What is problematic with Gaita's argument is the way he makes fraternity and love of country the end point of truthfulness in political life. We need truth about political life, not to just to celebrate our love for country, but to help bring about or realize the good life. So we love our country because it has that political form of life which enables us to lead the good life----a flourishing life well lived.
Gaita has a truncated notion of the relationship between ethics and politics.
My emphasis on communitarian politics within a liberal society is designed to highlight the community activism component that is often premised on contesting the actions of the state to defend local communities.
The local example of community activism is one of a local community in the Riverland section of the Murray-Darling Basin protecting their old growth habitat from the salt interception schemes being built by the state to protect local irrigators. Here people are organizing themselves into a formation that stands between the state and the individual.
This community activism has three aspects. It forges civic bonds, brings politics down to its human level, and that is able to resist the various pressures bought to bear on the local region by state authorities.
What is not happening is tha the political structures are not changing to allow communities to be more self-regulating and self-governing. Nor is there much encouragement from local and state authorities to enable individuals to become citizens who participate in the decison making. That remains firmly centralized in the state.
The Stanford Encyclopedia of Philosophy is a bit rough on communitarianism. It says:
" ....when the term community is employed by political communitarians, it seems to mean anything they want it to mean. Worse .... it has often been used to justify hierarchical arrangements and delegitimize areas of conflict and contestation in modern societies. Still, it is possible to make sense of the term community as a normative ideal."
On the other hand, the Stanford Encyclopedia of Philosophy does recognize is the republican tradition within communitarianism, with its "vision of strong democracy supported by active, public-spirited citizens who participate in political decision-making and held shape the future direction of their society though political debate."
The Stanford Encyclopedia of Philosophy entry on communitarianism says that:
"In retrospect, it seems obvious that communitarian critics of liberalism may have been motivated not so much by philosophical concerns as by certain pressing political concerns, namely, the negative social and psychological effects related to the atomistic tendencies of modern liberal societies. Whatever the soundness of liberal principles, in other words, the fact remains that many communitarians seems worried by a perception that traditional liberal institutions and practices have contributed to, or at least do not seem up to the task of dealing with, such modern phenomena as alienation from the political process, unbridled greed, loneliness, urban crime, and high divorce rates."

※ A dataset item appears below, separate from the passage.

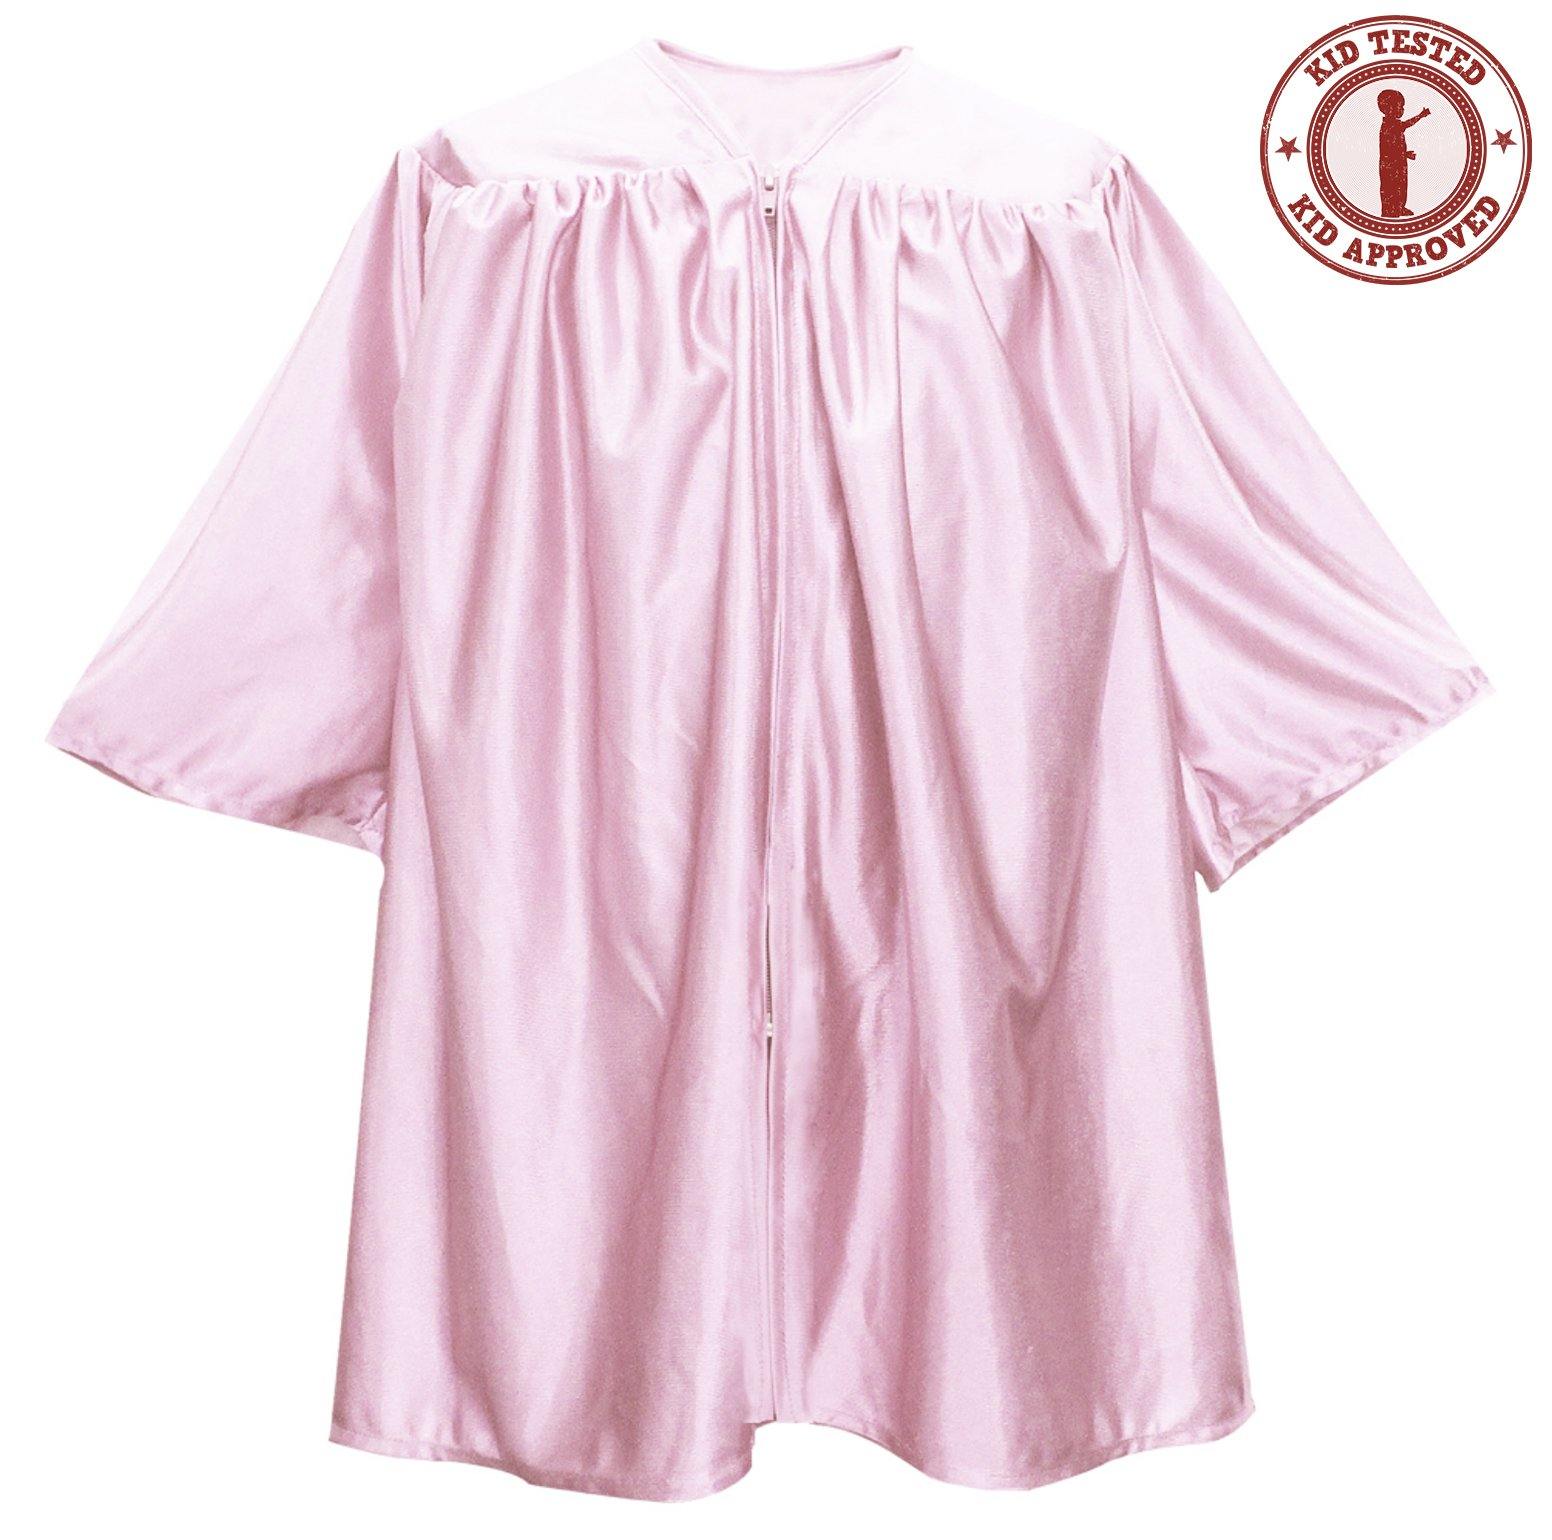 Child Pink Graduation Gown - Preschool & Kindergarten Gowns - Graduation Attire

In many ways this eco-communitarianism is in opposition to the strident rights rhetoric that is beginning to colonized contemporary political discourse aroudn water. This assertion of entitlement to water as property rights leaves little room for reasoned discussion and compromise,and it justifies the neglect of social responsibilities to the river without which the local communities could not function or survive.
communitarianism is usually connected to place in Australia. Place is understood as a bounded region with a specific identity, such as the Riverland along the Murray River.
This need not imply a return to a to a social order in which individuals are relatively immobile members of communities centred on a definite locale. This generally means dwindling numbers of a rustbelt factory town, or a fishing industry, or a mining centre.
However, there can be a lot of flux and movement within the bounded region or place.
Henry Giroux says:
"We need a new language for politics, for analyzing where it can take place, and what it means to mobilize alliances of workers, intellectuals, academics, journalists, youth groups, and others to reclaim, as Cornel West has aptly put it, hope in dark times."
Henry Giroux sees that neo-liberalism is not just about the governing free markets with the light hand of regulation. He rightly sees it as a political philosophy. He says that neo-liberalism:
".... is also a political philosophy and ideology that effects every dimension of social life. Neoliberalism has heralded a radical economic, political, and experiential shift that now largely defines the citizen as a consumer, disbands the social contract in the interests of privatized considerations, and separates capital from the context of place. Under such circumstances, neoliberalism portends the death of politics as we know it, strips the social of its democratic values, and reconstructs agency in terms that are utterly privatized and provides the conditions for an emerging form of proto-fascism that must be resisted at all costs."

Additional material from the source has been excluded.